Consider what's going on there: two ultimate examples of dot-connecting. However, they can't be contradictory. Rather, we have to somehow connect to dots between them! It must go something like this:

"In the beginning is God-and-Word, distinct but inseparable. This Word is with God and is God; thus, God's Isness is always a Withness. In the beginning the God-with-Word creates the heavens and the earth. And it is always the beginning."

Man is such an inveterate storyteller that he might as well be called... Homo storian or something. It's what we do, which is to say, try to connect the dots. They say -- they being the tenured -- that it is strictly impossible for us to connect the dots, and that it is an exercise in premodern naiveté to think otherwise. But I do think otherwise, and I don't think it's because I'm naive.

If you want to simplify your life, you can just stipulate that God is the ultimate connecter of dots and be done with it. Trouble is, if you reject God, it hardly means you have abandoned dot-connecting. To the contrary!

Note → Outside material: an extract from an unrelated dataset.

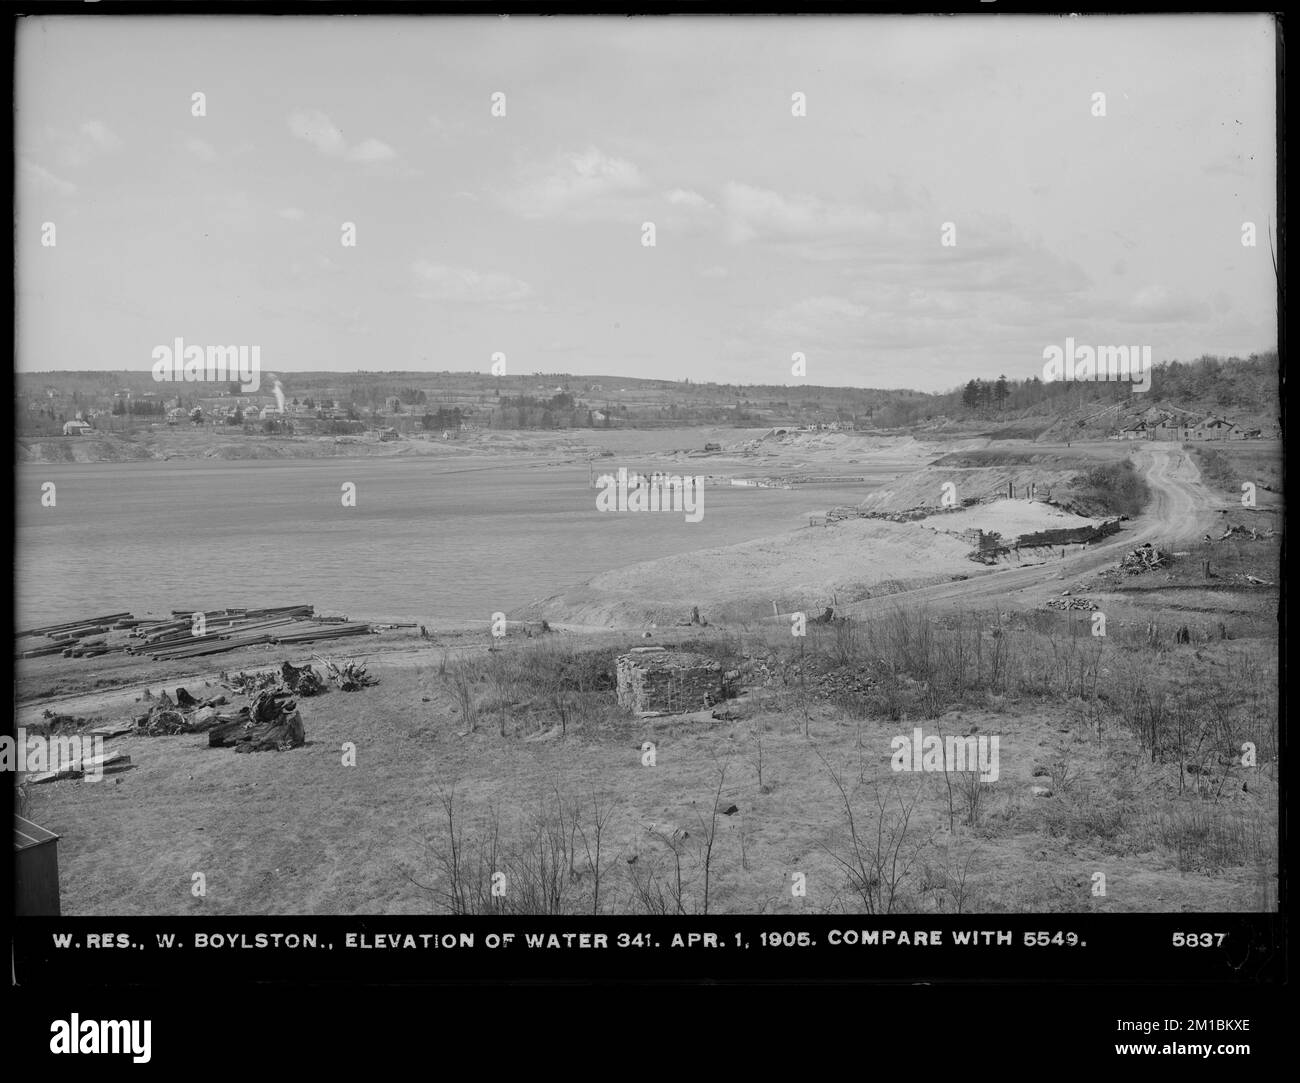 Wachusett Reservoir, reservoir at West Boylston, elevation of water 341 (compare with No. 5549), West Boylston, Mass., Apr. 1, 1905 , waterworks, reservoirs water distribution structures, construction sites, cemeteries Stock Photo

And this is where the left comes in, because what is the left but a frenzied gang of tyrannical dot-connectors? Let's begin with Marx. He starts with the principle that connecting the dots is impossible, because God doesn't exist. Getting you to believe in God is just a way for the ruling class to control you with a fake narrative!

But then Marx goes on to connect all the cosmic and historical dots, only in such a way that it justifies tyrannical control by a ruling class. Gosh, almost like he naively projects his own bad motives into the religious or something!

It's enough to make a fellow suspect that religion is our primary bulwark against the tyrannical dot-connectors of the left.